| DATA RECORDS |
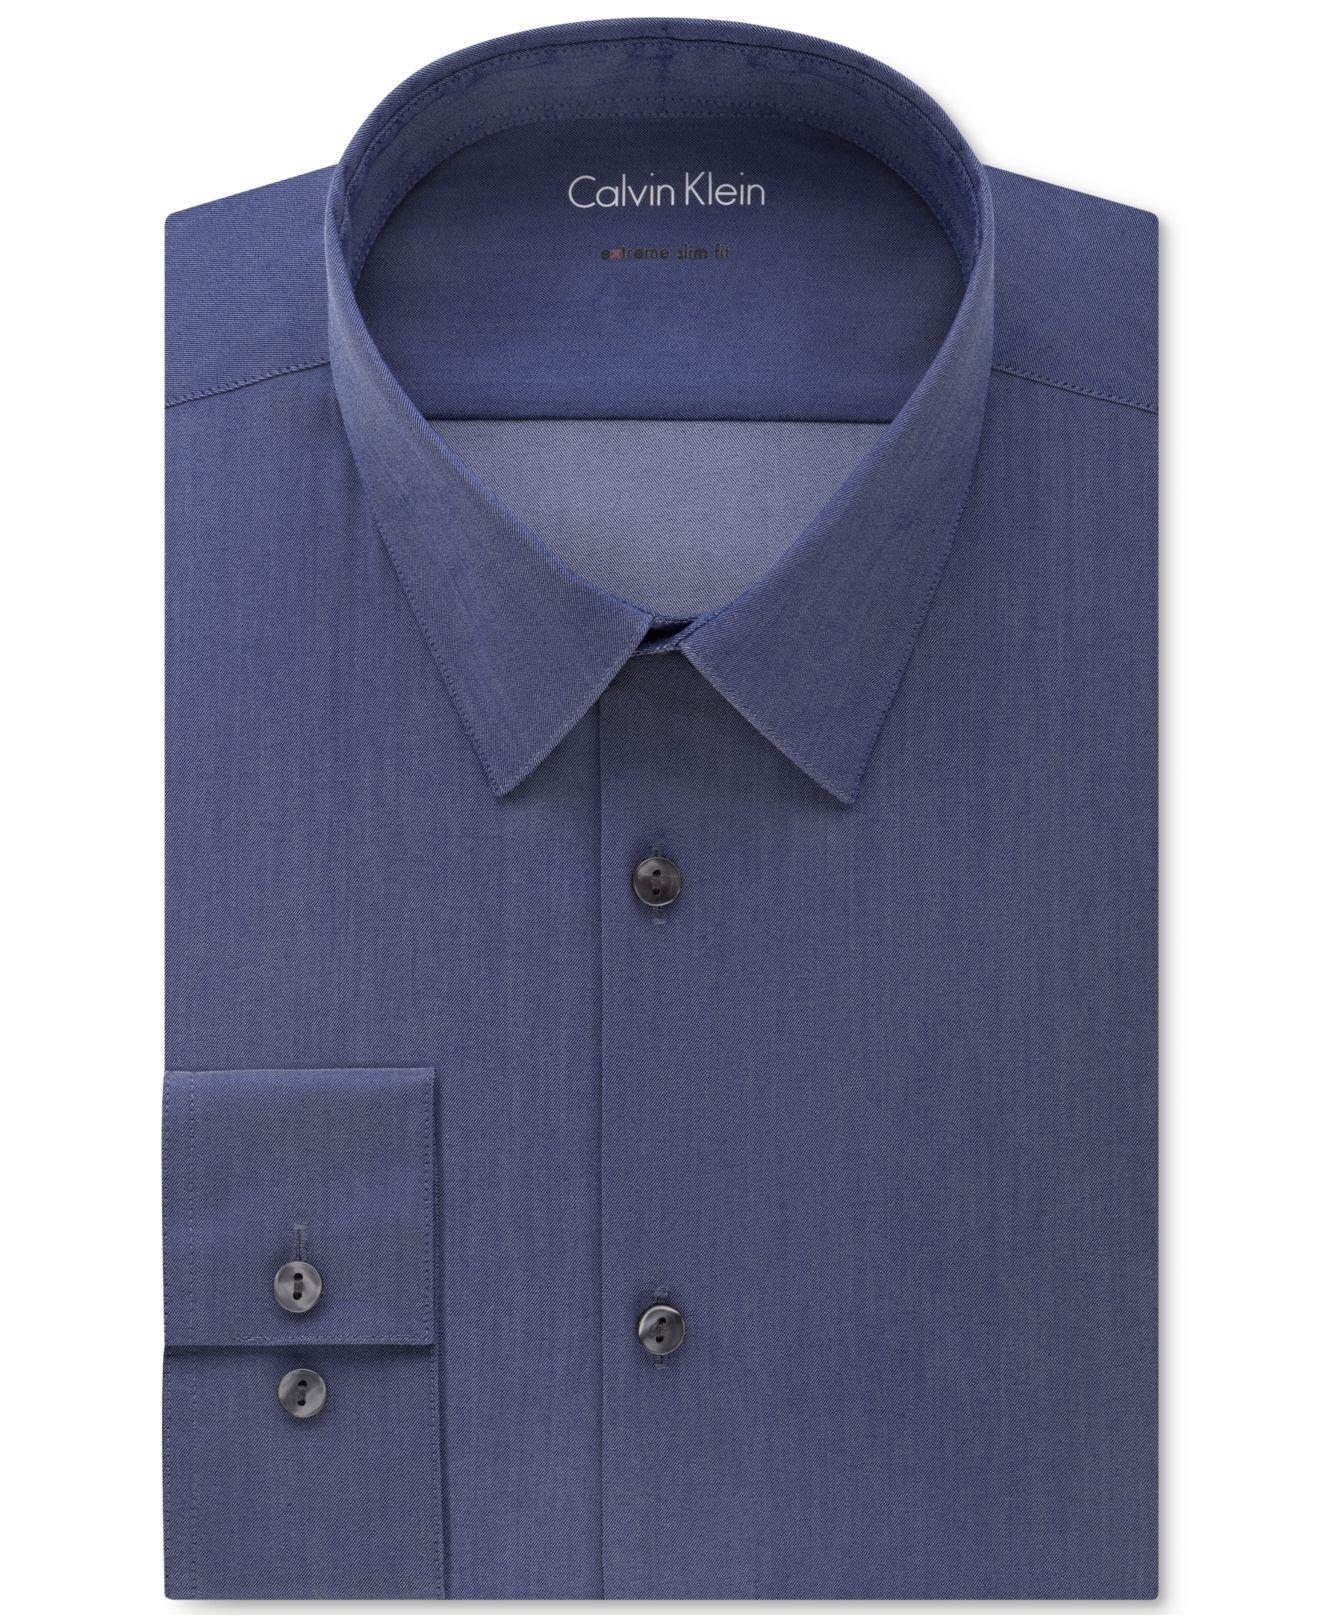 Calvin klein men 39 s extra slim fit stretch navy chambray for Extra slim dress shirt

--

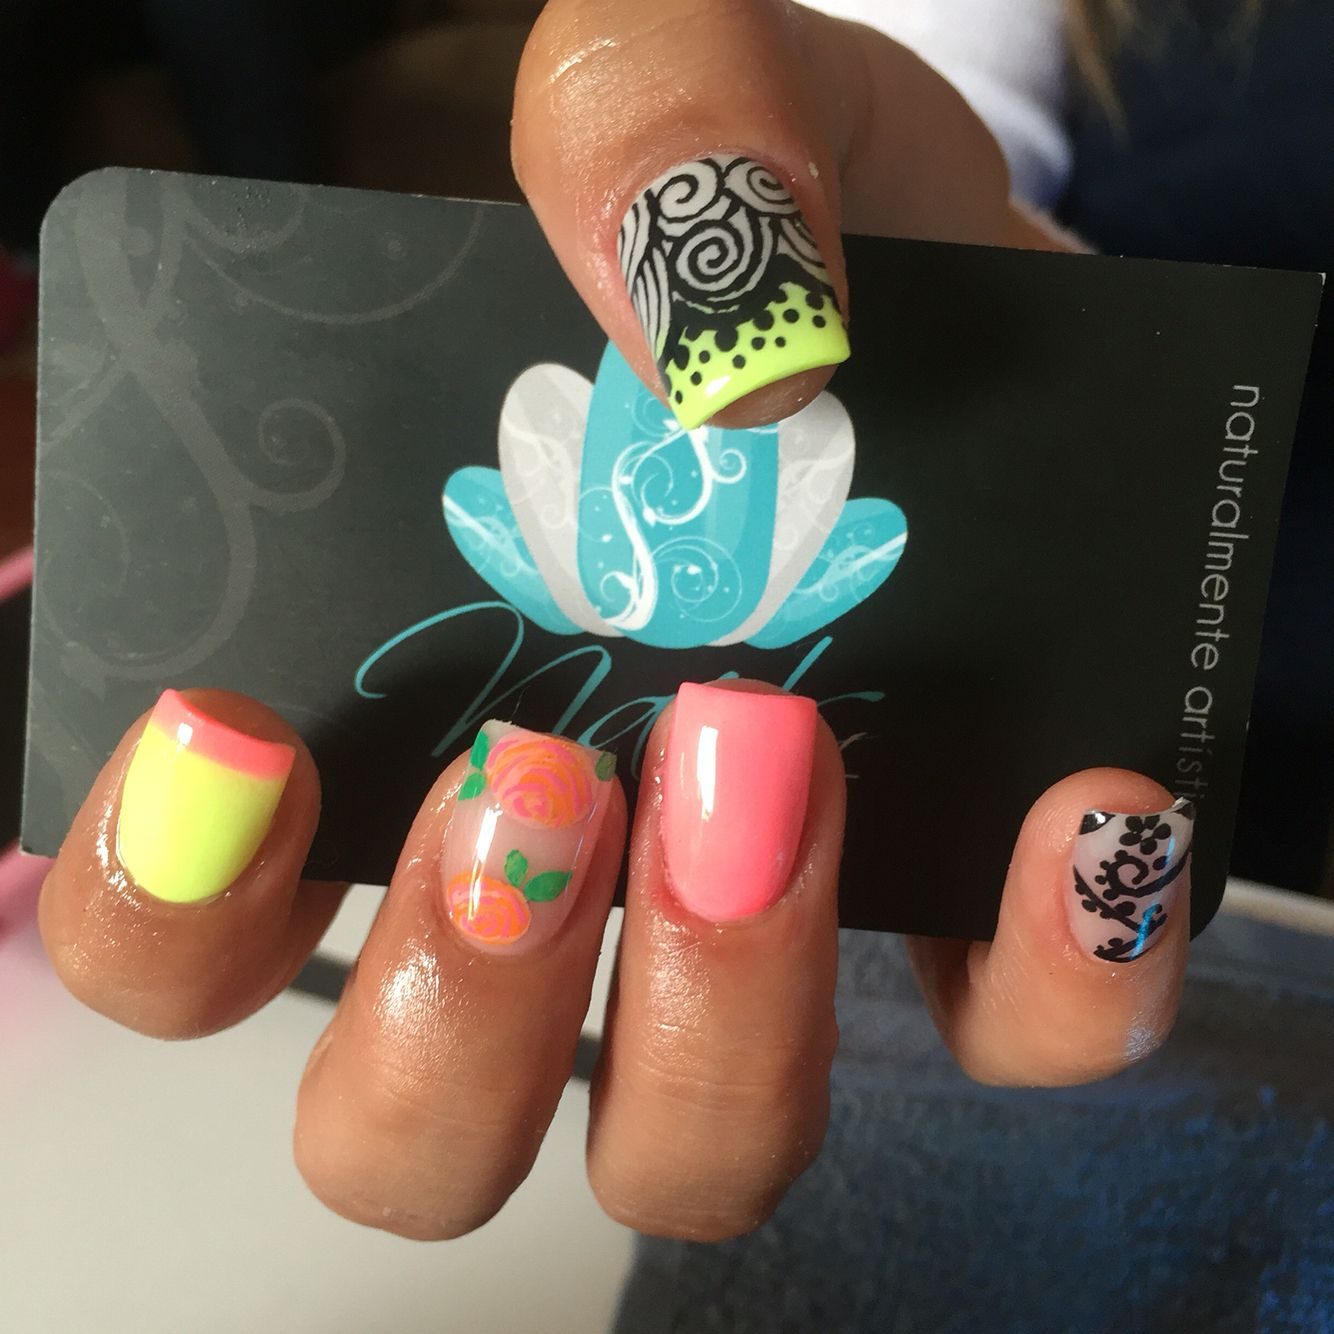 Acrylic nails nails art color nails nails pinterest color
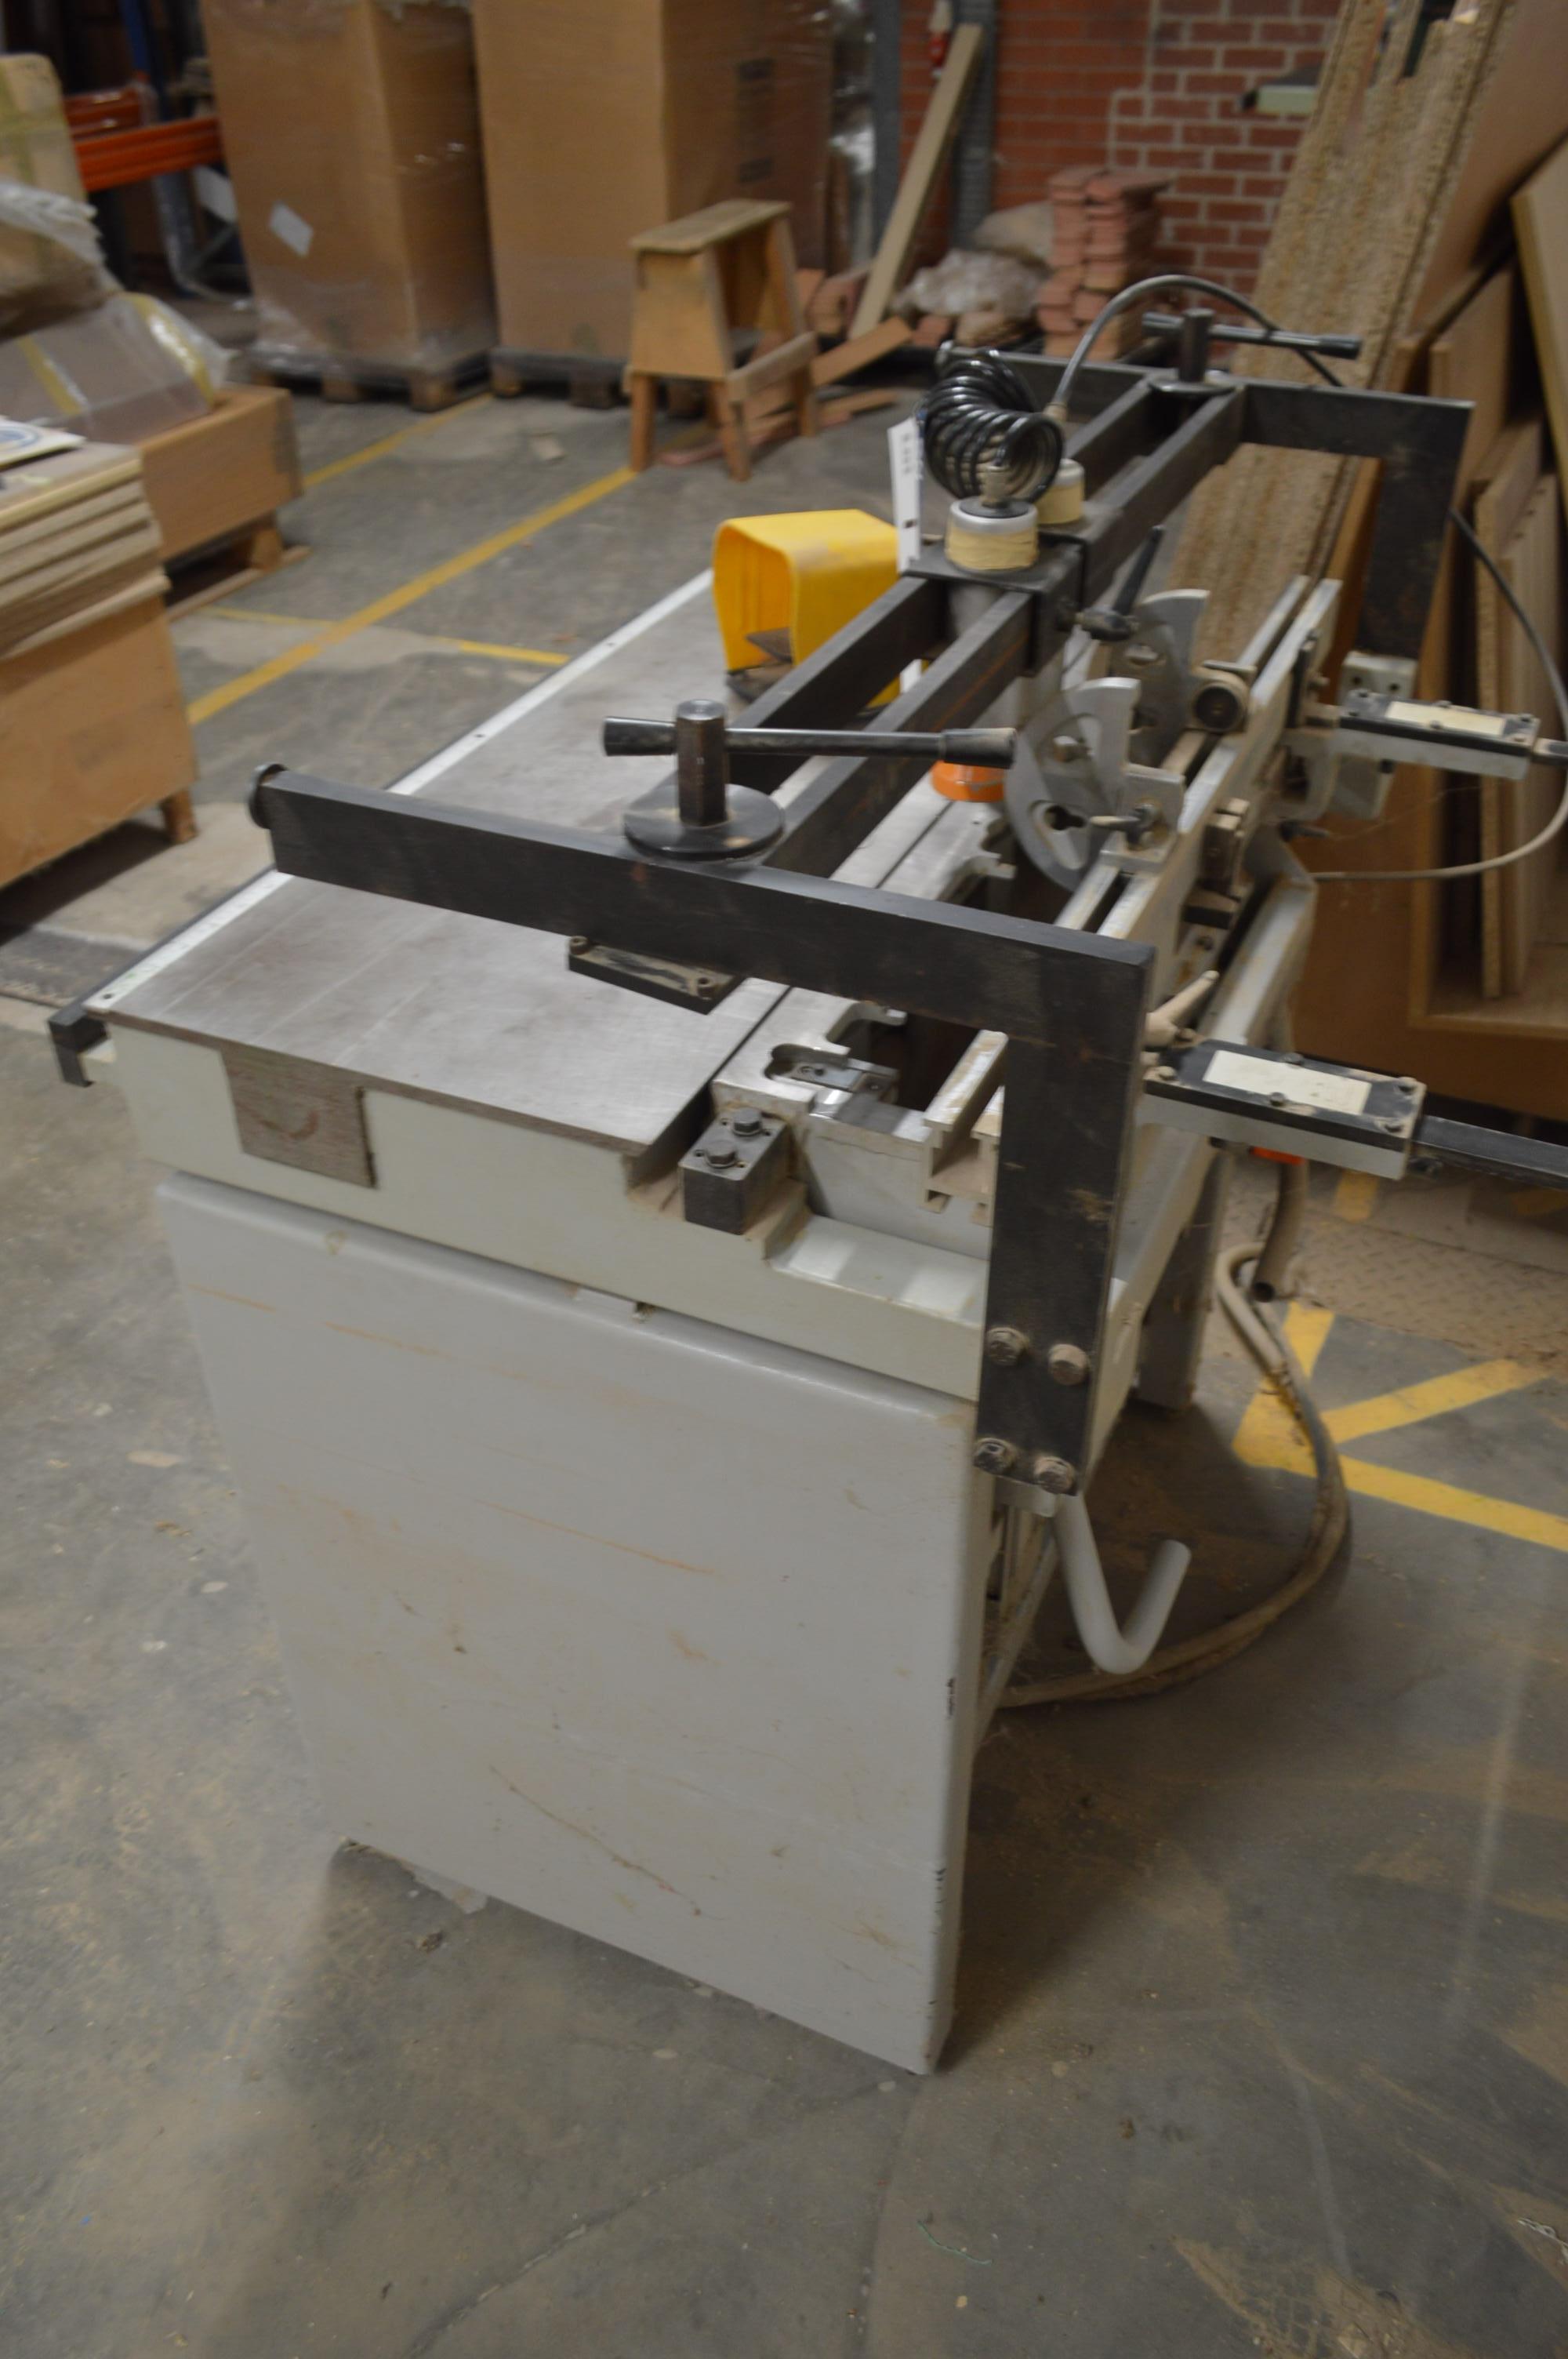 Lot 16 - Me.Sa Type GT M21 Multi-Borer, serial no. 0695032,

==

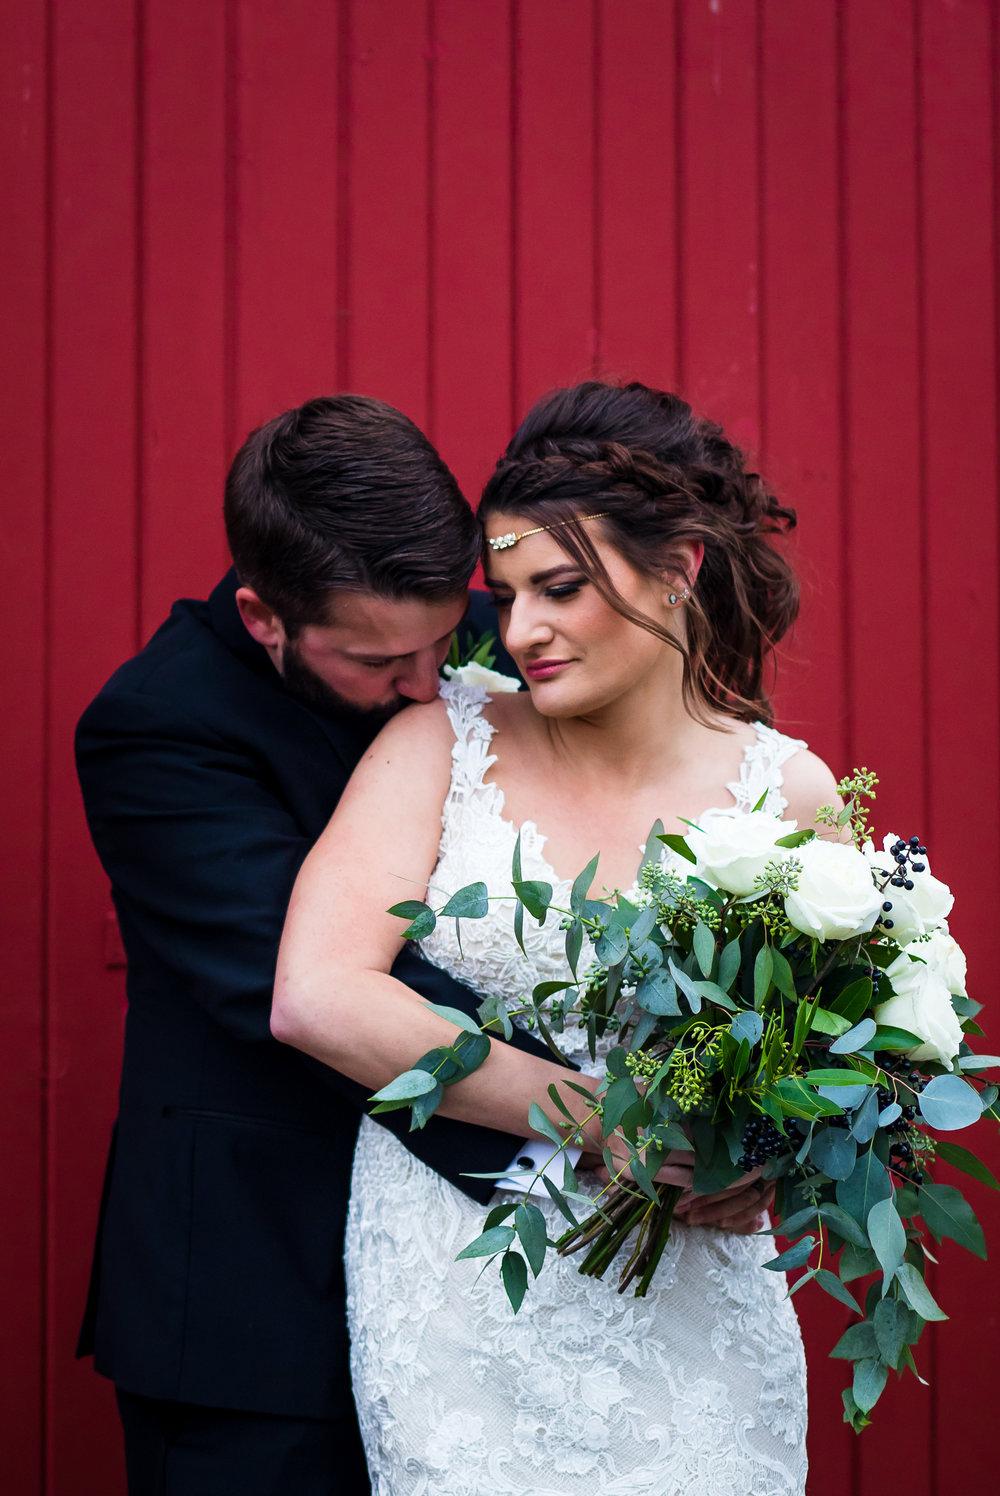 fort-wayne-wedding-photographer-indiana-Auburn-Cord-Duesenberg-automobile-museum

| TASK ITEM |
Print the line above containing "Acrylic nails nails", the line containing "Lot 16 - Me.Sa", and everything between them, exactly as written. Pictures stay out.

| RESPONSE AREA |
 Acrylic nails nails art color nails nails pinterest color
 Lot 16 - Me.Sa Type GT M21 Multi-Borer, serial no. 0695032,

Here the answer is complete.